Dataset source - https://www.kaggle.com/datasets/spscientist/students-performance-in-exams/code
The dataset consists of 8 column and 1000 rows

Data Description

gender: The gender of the student (e.g., male, female).
race_ethnicity: The group classification of the student (e.g., group A, group B, etc.).
parental_level_of_education: The highest level of education attained by the student's parent(s) (e.g., bachelor's degree, some college).
lunch: The type of lunch the student receives (e.g., standard, free/reduced).
test_preparation_course: Whether the student completed a test preparation course (e.g., none, completed).
math_score: The student's score in mathematics.
reading_score: The student's score in reading.
writing_score: The student's score in writing.

Insight

Consistent Performance: The average scores for math, reading, and writing are relatively close, suggesting a balanced curriculum or consistent evaluation criteria.
High Standard Deviation: The standard deviations for all three subjects indicate some variability in performance.
Outliers: Scores like 0 in math and 10 in writing might require investigation to check if they are outliers or represent missing/incomplete data

Exploring Data

Analysing how many number of students got full mark in respective field

math_full = df[df['math_score'] == 100]['average_score'].count()
writing_full = df[df['writing_score'] == 100]['average_score'].count()
reading_full = df[df['reading_score'] == 100]['average_score'].count()


print(f'Number of students with full marks in Maths: {math_full}')
print(f'Number of students with full marks in Writing: {writing_full}')
print(f'Number of students with full marks in Reading: {reading_full}')

math_less_20 = df[df['math_score'] <= 20]['average_score'].count()
writing_less_20 = df[df['writing_score'] <= 20]['average_score'].count()
reading_less_20 = df[df['reading_score'] <= 20]['average_score'].count()
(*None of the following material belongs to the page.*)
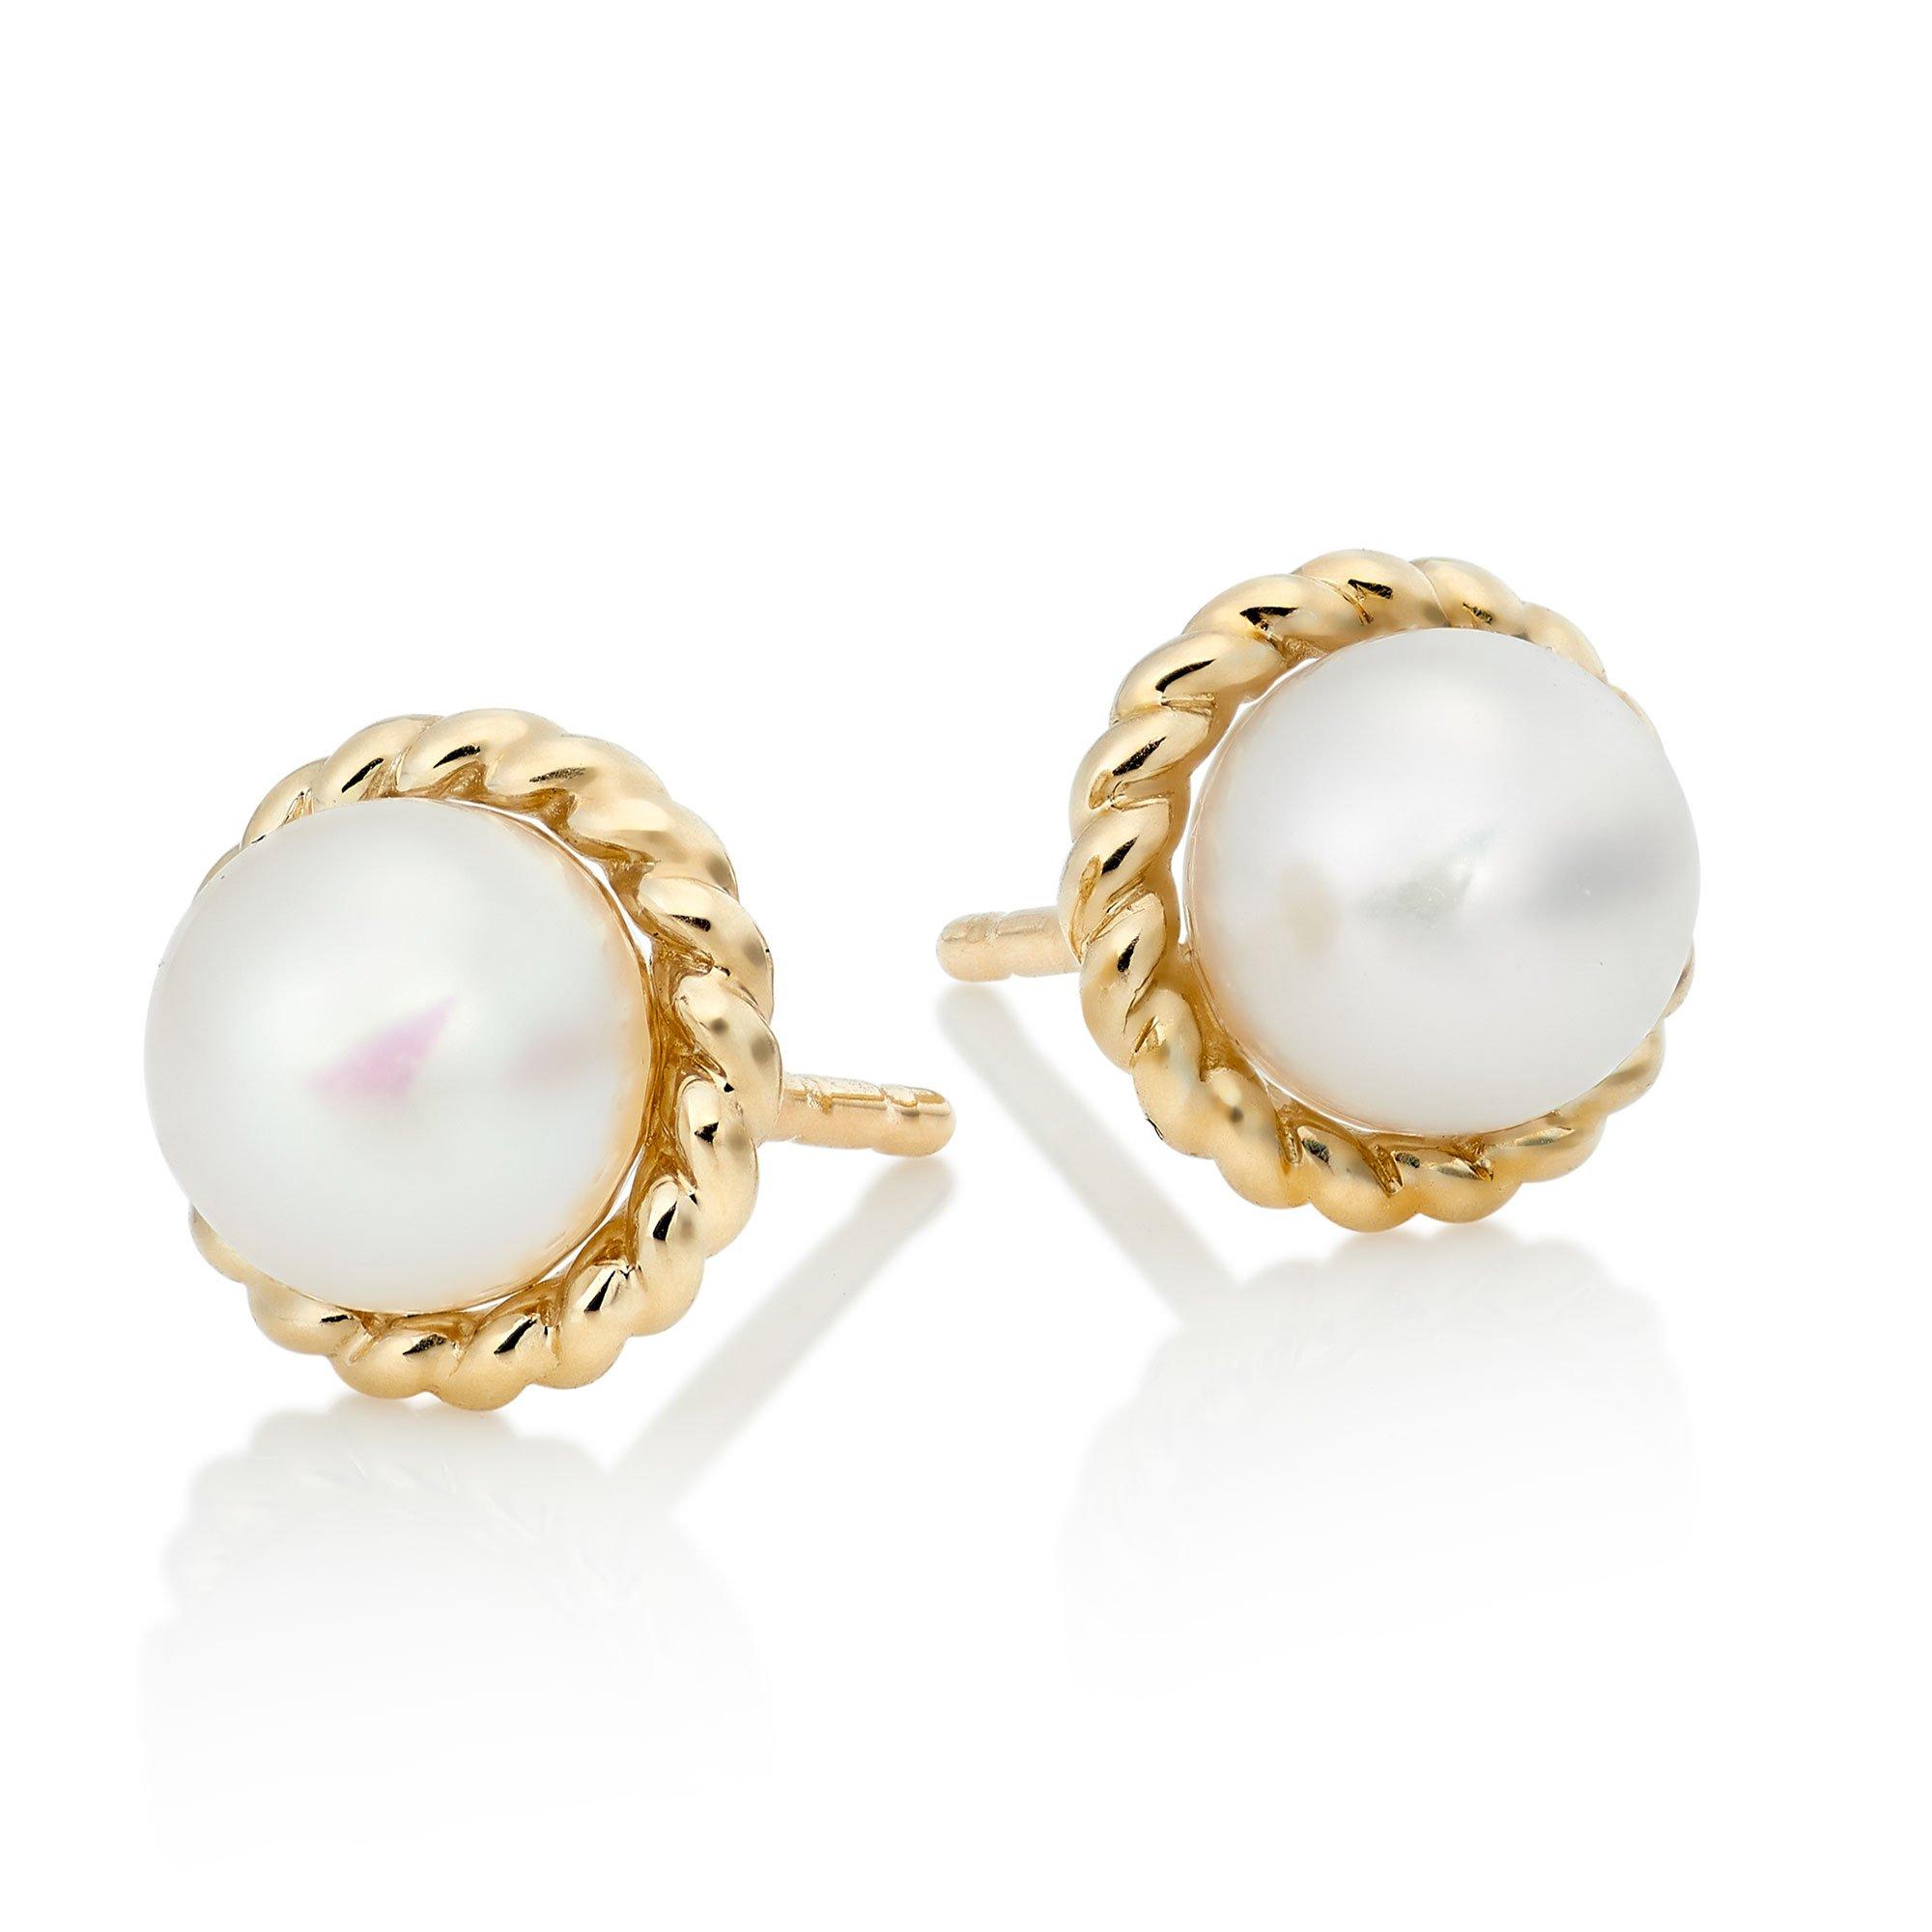 9ct Gold Freshwater Cultured Pearl Stud Earrings | 0121662 ...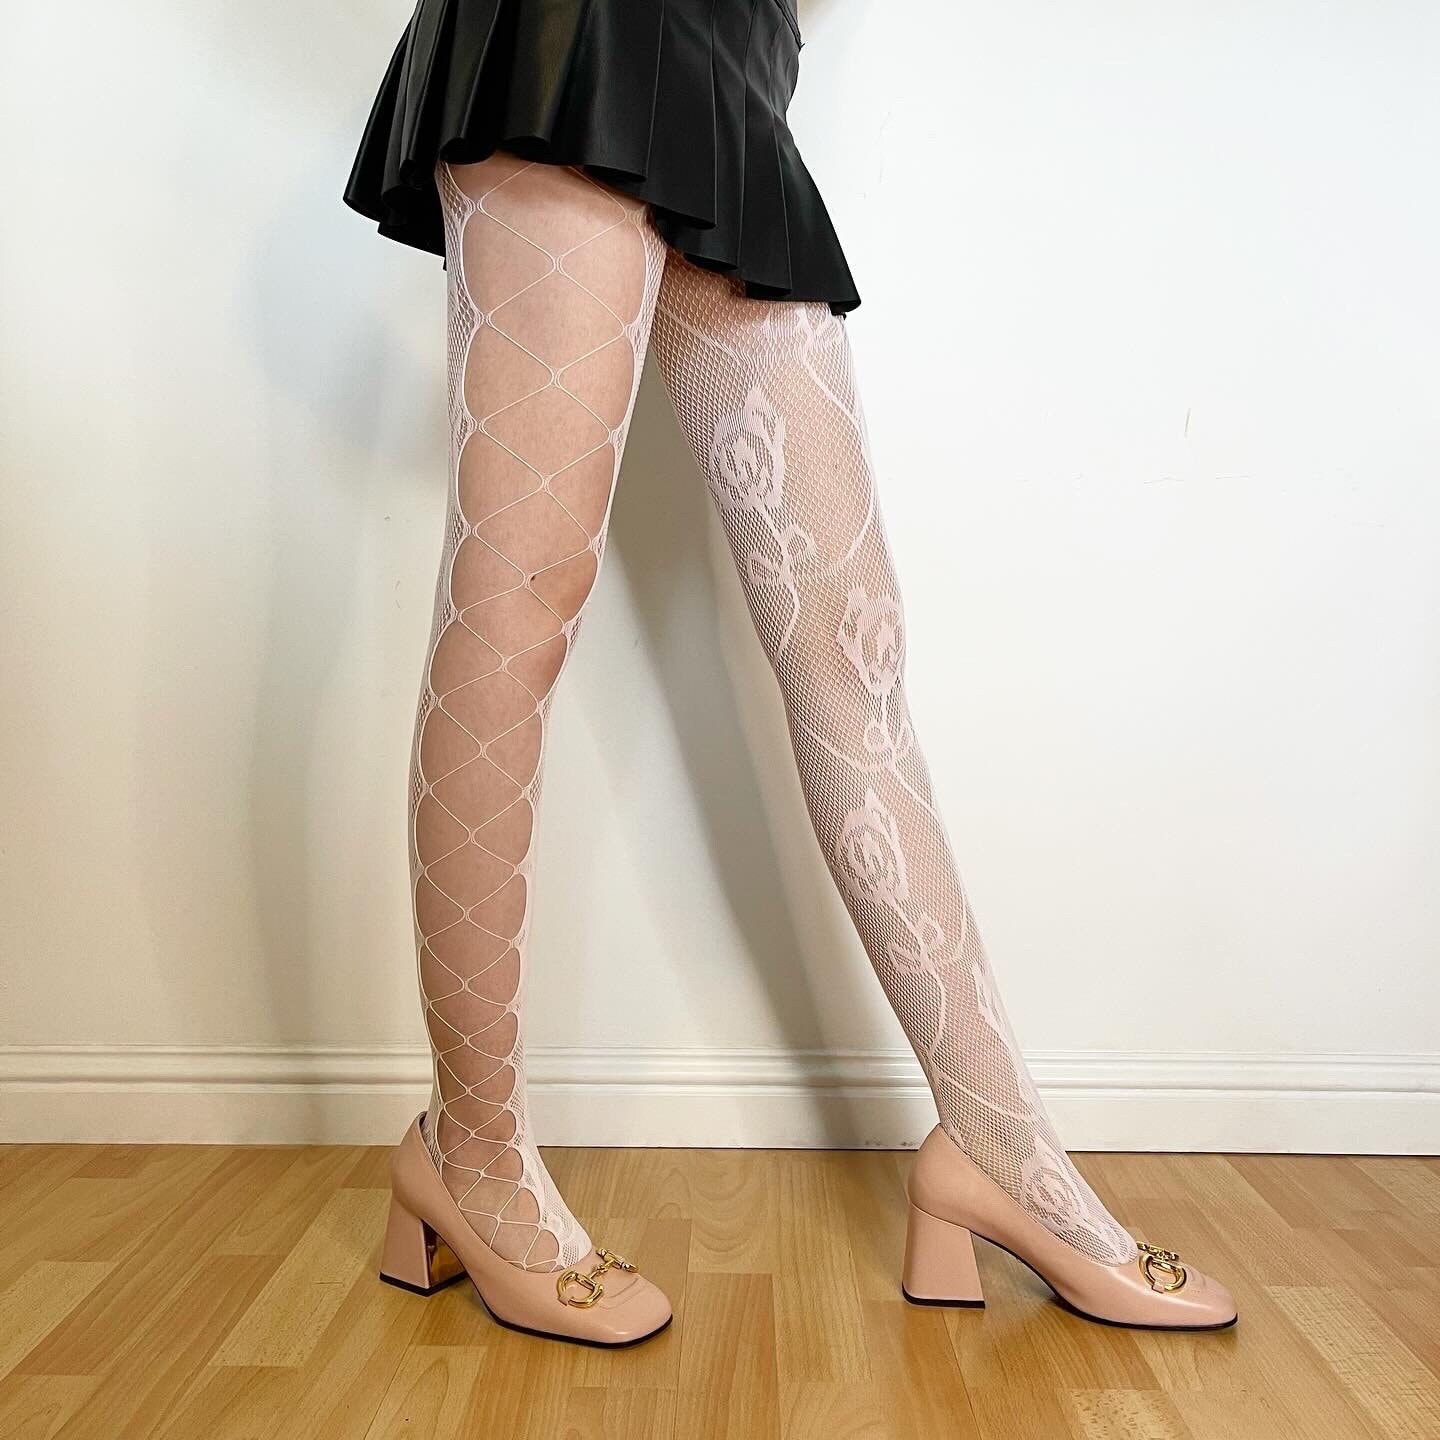 Stella Elyse Floral Stitching Fishnet Pantyhose (Queen, Black) at   Women's Clothing store

print(f'Number of students with less than 20 marks in Maths: {math_less_20}')
print(f'Number of students with less than 20 marks in Writing: {writing_less_20}')
print(f'Number of students with less than 20 marks in Reading: {reading_less_20}')

Insights

From above values we get students have performed the worst in Maths
Best performance is in reading section

Visualize average score distribution to make some conclusion

Insights

Number of Male and Female students is almost equal
Number students are greatest in Group C
Number of students who have standard lunch are greater
Number of students who have not enrolled in any test preparation course is greater
Number of students whose parental education is "Some College" is greater followed closely by "Associate's Degree

Insights

Student's Performance is related with lunch, race, parental level education
Females lead in pass percentage and also are top-scorers
Student's Performance is not much related with test preparation course
Finishing preparation course is benefitial.

Model Training

import numpy as np
import pandas as pd
import matplotlib.pyplot as plt 
import seaborn as sns
# Modelling
from sklearn.metrics import mean_squared_error, r2_score
from sklearn.neighbors import KNeighborsRegressor
from sklearn.tree import DecisionTreeRegressor
from sklearn.ensemble import RandomForestRegressor,AdaBoostRegressor
from sklearn.svm import SVR
from sklearn.linear_model import LinearRegression, Ridge,Lasso
from sklearn.metrics import r2_score, mean_absolute_error, mean_squared_error
from sklearn.model_selection import RandomizedSearchCV
import warnings

Preparing X and Y variables

X = df.drop(columns=['math_score'],axis=1)
y = df['math_score']

Create Column Transformer with 3 types of transformers


num_features = X.select_dtypes(exclude="object").columns
cat_features = X.select_dtypes(include="object").columns

from sklearn.preprocessing import OneHotEncoder, StandardScaler
from sklearn.compose import ColumnTransformer

numeric_transformer = StandardScaler()
oh_transformer = OneHotEncoder()

preprocessor = ColumnTransformer(
    [
        ("OneHotEncoder", oh_transformer, cat_features),
         ("StandardScaler", numeric_transformer, num_features),        
    ]
)

separate dataset into train and test

from sklearn.model_selection import train_test_split
X_train, X_test, y_train, y_test = train_test_split(X,y,test_size=0.2,random_state=42)
X_train.shape, X_test.shape

Create an Evaluate Function to give all metrics after model Training

def evaluate_model(true, predicted):
    mae = mean_absolute_error(true, predicted)
    mse = mean_squared_error(true, predicted)
    rmse = np.sqrt(mean_squared_error(true, predicted))
    r2_square = r2_score(true, predicted)
    return mae, rmse, r2_square

models = {
    "Linear Regression" : LinearRegression(),
    "Lasso" : Lasso(),
    "Ridge" : Ridge(),
    "K-Neighbors Regressor" : KNeighborsRegressor(),
    "Decision Tree" : DecisionTreeRegressor(),
    "Random Forest Regressor" : RandomForestRegressor(),
    "AdaBoost Regressor" : AdaBoostRegressor()
}
model_list=[]
r2_list=[]

for i in range (len(list(models))):
    model=list(models.values())[i]
    model.fit(X_train,y_train)

    # Make predictions
    y_train_pred = model.predict(X_train)
    y_test_pred = model.predict(X_test)

    # Evaluate Train and Test dataset
    model_train_mae , model_train_rmse, model_train_r2 = evaluate_model(y_train, y_train_pred)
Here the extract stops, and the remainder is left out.